- Born: 22 February 1867 Norwood, London, England
- Died: 1 November 1958 (aged 91)
- Relatives: Leslie Gay (brother); Kingsmill Key (cousin);

= Charlotte Evelyn Gay =

English social and temperance reformer (1867–1958)

Charlotte Evelyn Gay, (22 February 1867 – 1 November 1958) was an English social reformer whose affiliations with the Church Army and her recognition as an Officer of the Order of the British Empire (OBE) marked her as a significant temperance figure of the early 20th century.

==Early life and education==
Charlotte Evelyn Gay was born at Norwood, London on 22 February 1867. Her parents were Rev. Alfred Henry Gay (b. 1836) and Ada Key (née Hewitt) Gay (b. 1845). Charlotte had four siblings, Sidney Alfred Gay (b. 1865), Leslie Hewitt Gay (b. 1871), Ada Muriel Augusta Gay (b. 1880), and Cyril Herbert Tay (b. 1884). Leslie was a first-class cricketer who played for Cambridge University, Hampshire, Somerset and England; as a footballer, he played for Cambridge University, the Corinthians and England. Her cousin, Kingsmill Key, captained Surrey in the 1890s.
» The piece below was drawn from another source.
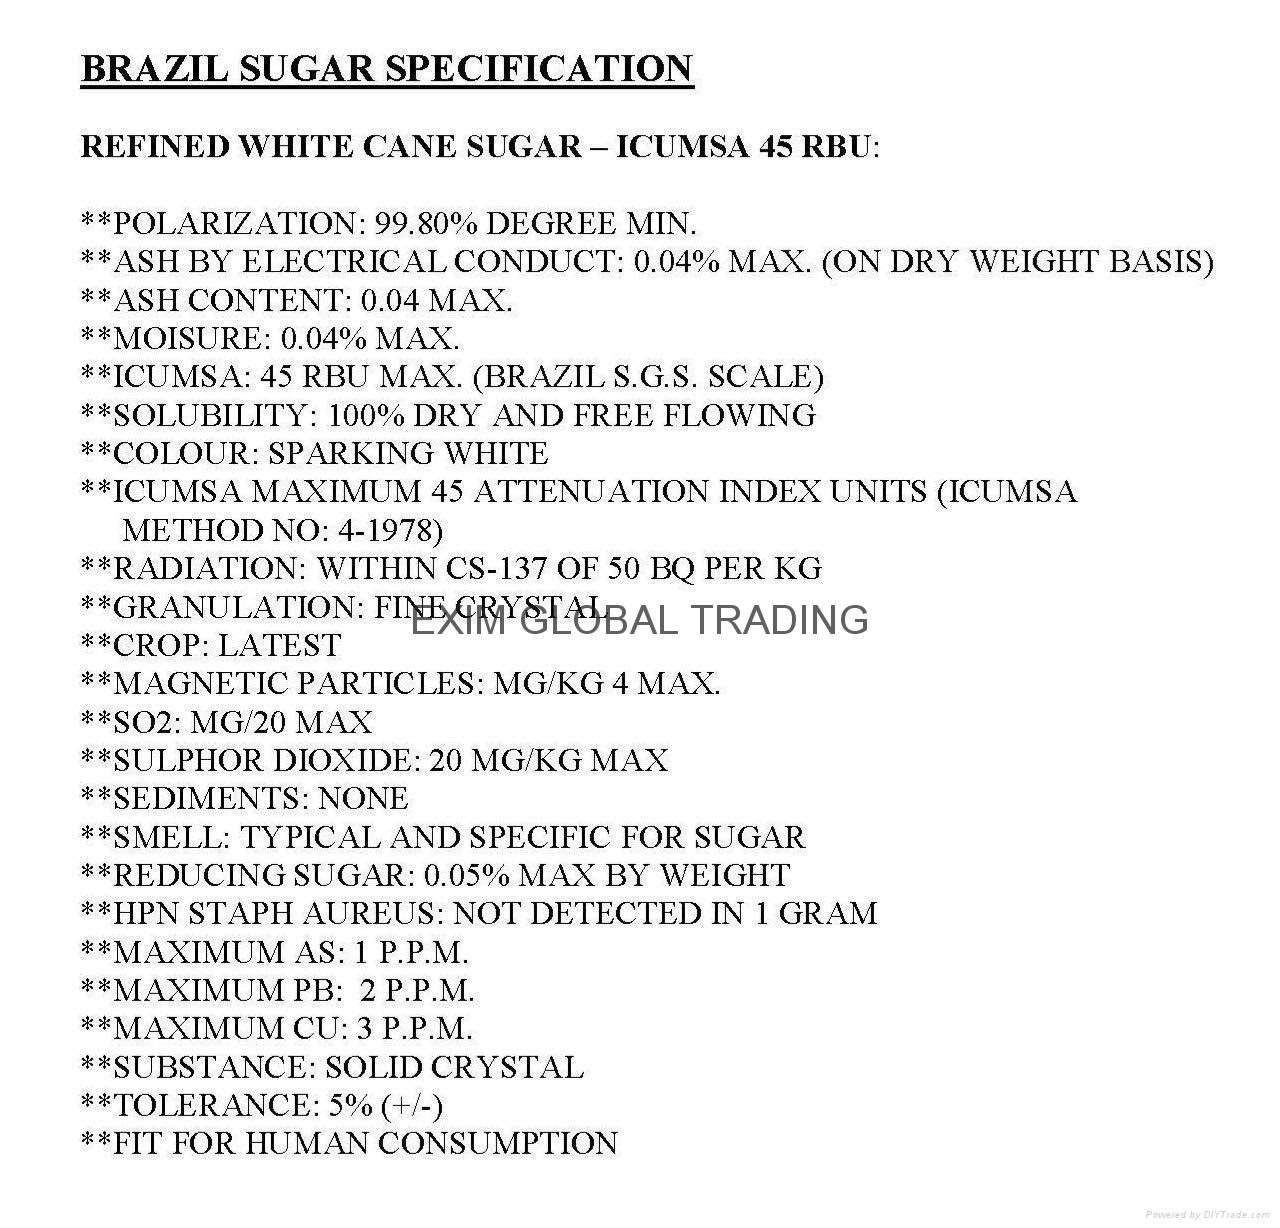 Refined White Cane Sugar - ICUMSA 45 RBU (Brazil) 5

She was educated at Brighton, Sussex.

==Career==
Early in life, she was interested in the temperance movement, and became actively identified with the work of the Church Army shortly after its foundation in Westminster in 1882. In 1896, she was chosen honorary secretary of the Temperance Department of the organization, in which capacity she served until 1915. In 1920, she was serving in the role of Director for Parcels to British Prisoners for the Church Army. By 1925, she was a member of the Church Army's executive board, and also served on various committees.

Gay was an honorary secretary of the Church Army's Women's Preventive Homes Department. During her years of official service with the Church Army, she founded three homes for inebriate women in England, which institutions she personally superintended, until they were rendered unnecessary, owing to the increase in the number of restrictions on the sale of intoxicating liquors imposed by the British Government.

She maintained her business headquarters at 55 Bryanston street, Marble Arch, London, W. I.

==Personal life==
Never married, Charlotte Evelyn Gay died on 1 November 1958, at the age of 91.

==Awards and honours==
In recognition of her service to the English people, Gay was created an Officer of the Order of the British Empire, on 1 January 1920.